“Unless a grain of wheat falls into the earth and dies, it remains alone; but if it dies, it bears much fruit.” – John 12:24
“The last enemy to be destroyed is death...Death is swallowed up in victory.” – 1 Corinthians 15:26, 54
"The greater the sin, the greater the mercy, the deeper the death and the brighter the rebirth.” - C. S. Lewis
"This story...has the very taste of primary truth." - J. R. R. Tolkien

Friday, August 20, 2010

Is the God of the philosophers like the gods of myth?

...Now, the atheist might object that our idea of God is really quite anthropomorphic - God is so much like a human in the way we think of him that it seems obvious that we invented him. There is simply no need to hypothesize his actual existence in order to explain belief in God. A naturalistic picture offers a thorough account of belief in God; to suppose anything more would be arbitrary and unnecessary.
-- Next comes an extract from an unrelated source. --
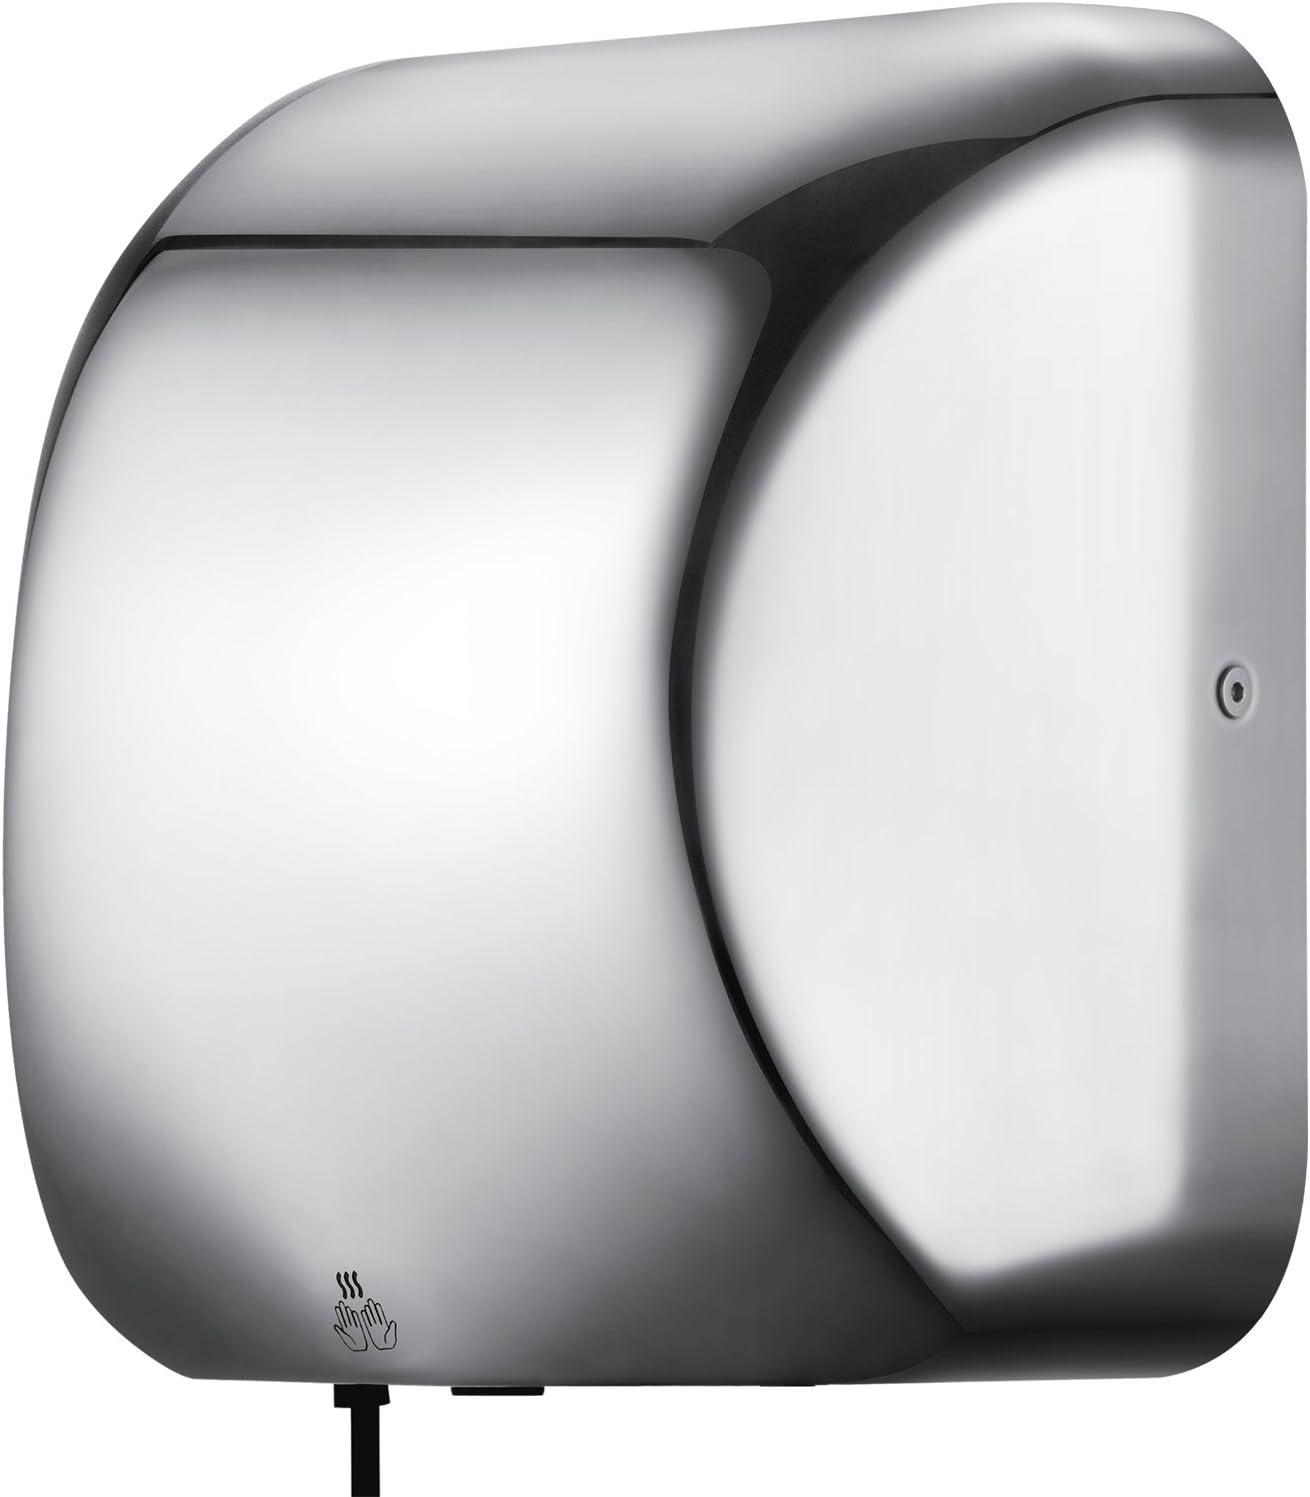 Bild Logo Ambesten 1800W Elektrische H/ändetrockner Automatischer Handtrockner Electric Hand Dryer Elektrische H/ändetrockner Edelstahl Kommerzielle H/ändetrockner f/ür Toiletten Waschr/äume Hohen Verkehr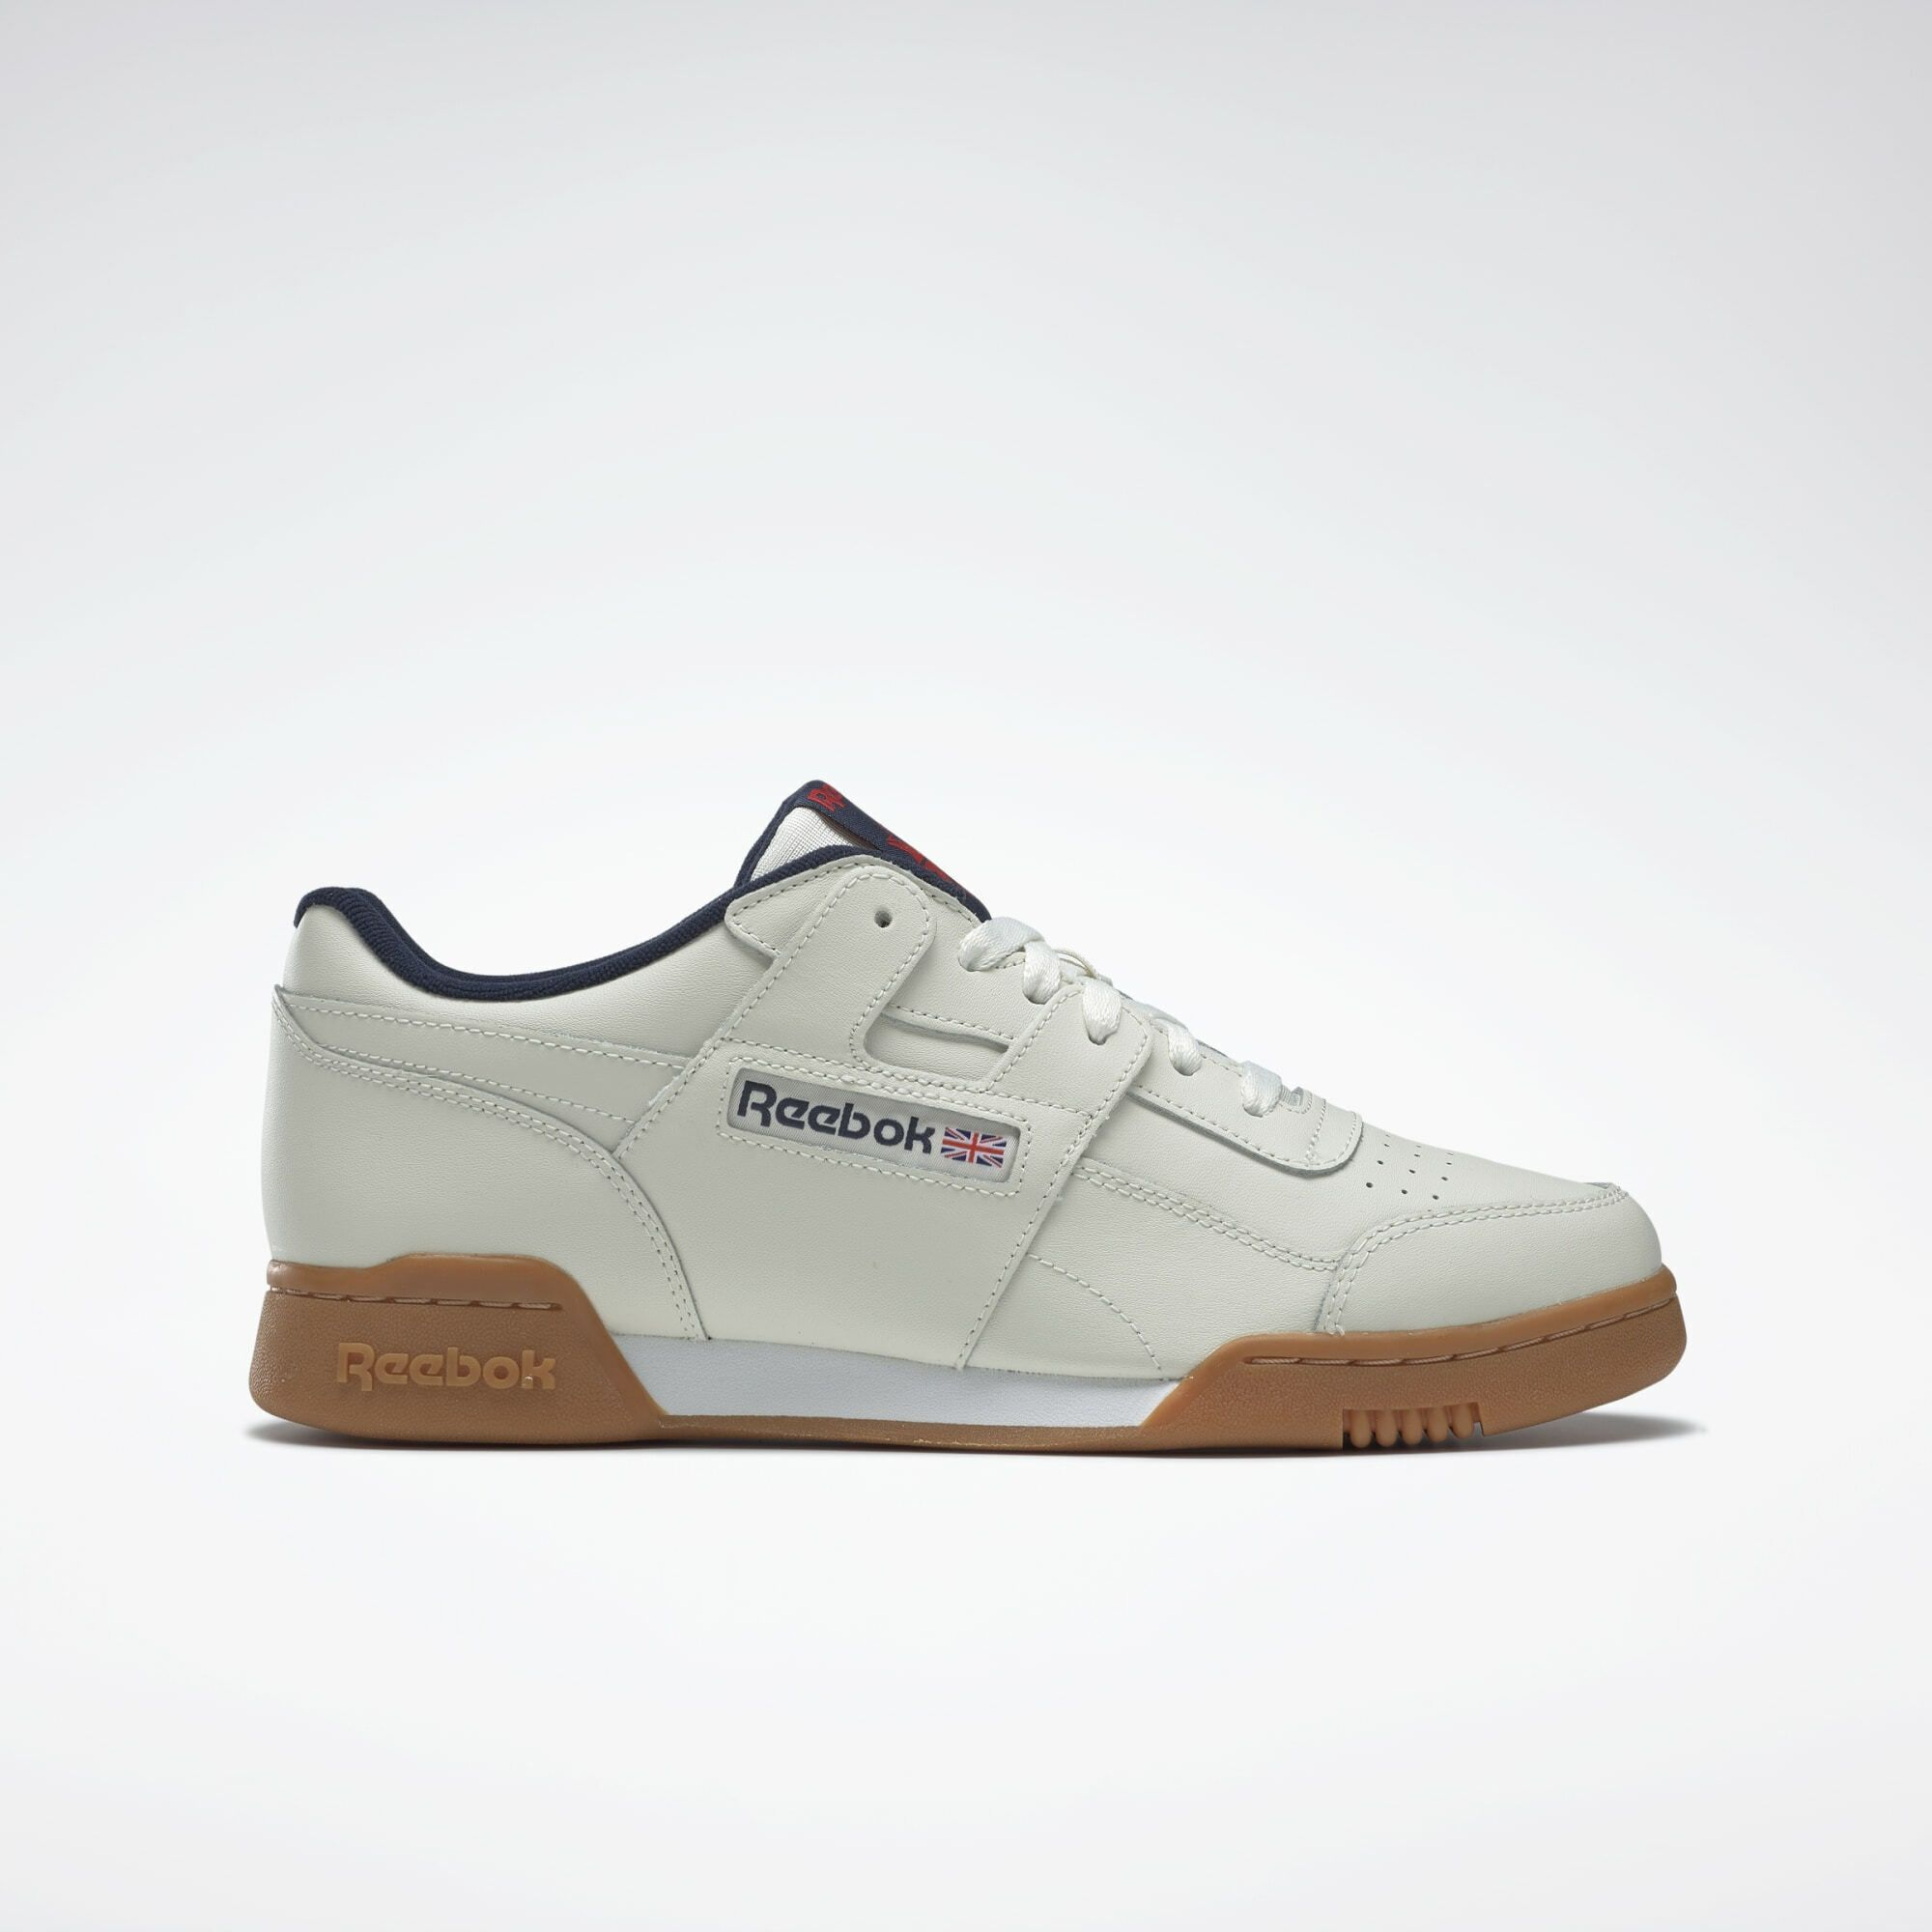 Reebok Classic Sneaker Workout Plus Damen Weiss Grosse 37 5 38 Reebok Classic Reebok Classic Sneakers Reebok Classic Workout

It may be helpful to compare different ideas of God or gods to one another at this point. In particular, if we recall the gods of Greek or Roman mythology, we find a picture that is strikingly anthropomorphic, indeed so much so that one could only lightly alter the stories in order to make them about men instead of gods. The gods go to war with one another, they procreate, they fall in love, etc. - all human activities. C. S. Lewis writes in Reflections on the Psalms,

"Even in the creation myths, gods have beginnings. Most of them have fathers and mothers; often we know their birth-places. There is no question of self-existence or the timeless. Being is imposed upon them, as upon us, by preceding causes. They are, like us, creatures or products; though they are luckier than we in being stronger, more beautiful, and exempt from death. They are, like us, actors in the cosmic drama, not its authors."
The idea of God - that is, of an Author of all reality, a Supreme Being that is self-existent, infinite, eternal, uncreated, and transcendent, and who brought everything else into existence - is radically different from the gods of mythology. Lewis writes, "the difference between believing in God and in many gods is not one of arithmetic. As someone has said "gods" is not really the plural of God; God has no plural."

This "One God" of the monotheistic faiths, a God who is the foundation of existence itself and the origin of all truth, may be like human beings in that "He" is a being and presumably thinks or feels in some way, but the differences between God and man are not merely of degree, or even category. God is transcendent, eternal, beyond comprehension, on a completely different level of existence than man.

Chesterton suggests in The Everlasting Man that philosophers such as Plato and Socrates, and perhaps many men in the ancient world, did not seriously think that the gods existed. The idea of a Supreme Being, on the other hand, was different. Men had always had a vague sense of a great power behind the world, and they invented myths as an imaginative way of pursuing this mysterious power, but it was the philosophers who actually tried to articulate rationally what it might be.

The atheist may object that this idea of God, of a higher power and purpose affecting all things, is a natural invention of the human mind. But again, this by no means disproves God; if he is real, he might well cause us to know him in exactly that way. And as pointed out here, the idea of God only bears a superficial resemblance to human beings, or to the gods of myth, who were clearly invented by men.

1 comment:

  1. Interesting. I find it unbelievably cocky that humanity describes God as anthropomorphic. There is similarity because we're made in his image. Of course he resembles us; we resemble him! (Much as Lewis''s narnia had a truer, realer Narnia behind it.)

    I had been taught that in all likelihood at least a portion of the demi-gods had in fact been living men, and in the tradition of the time were immortalized in oral history then recorded by Homer and co.

    I realize that this is not what you're arguing here, but I picked on those threads as ones of interest. Excellent blog!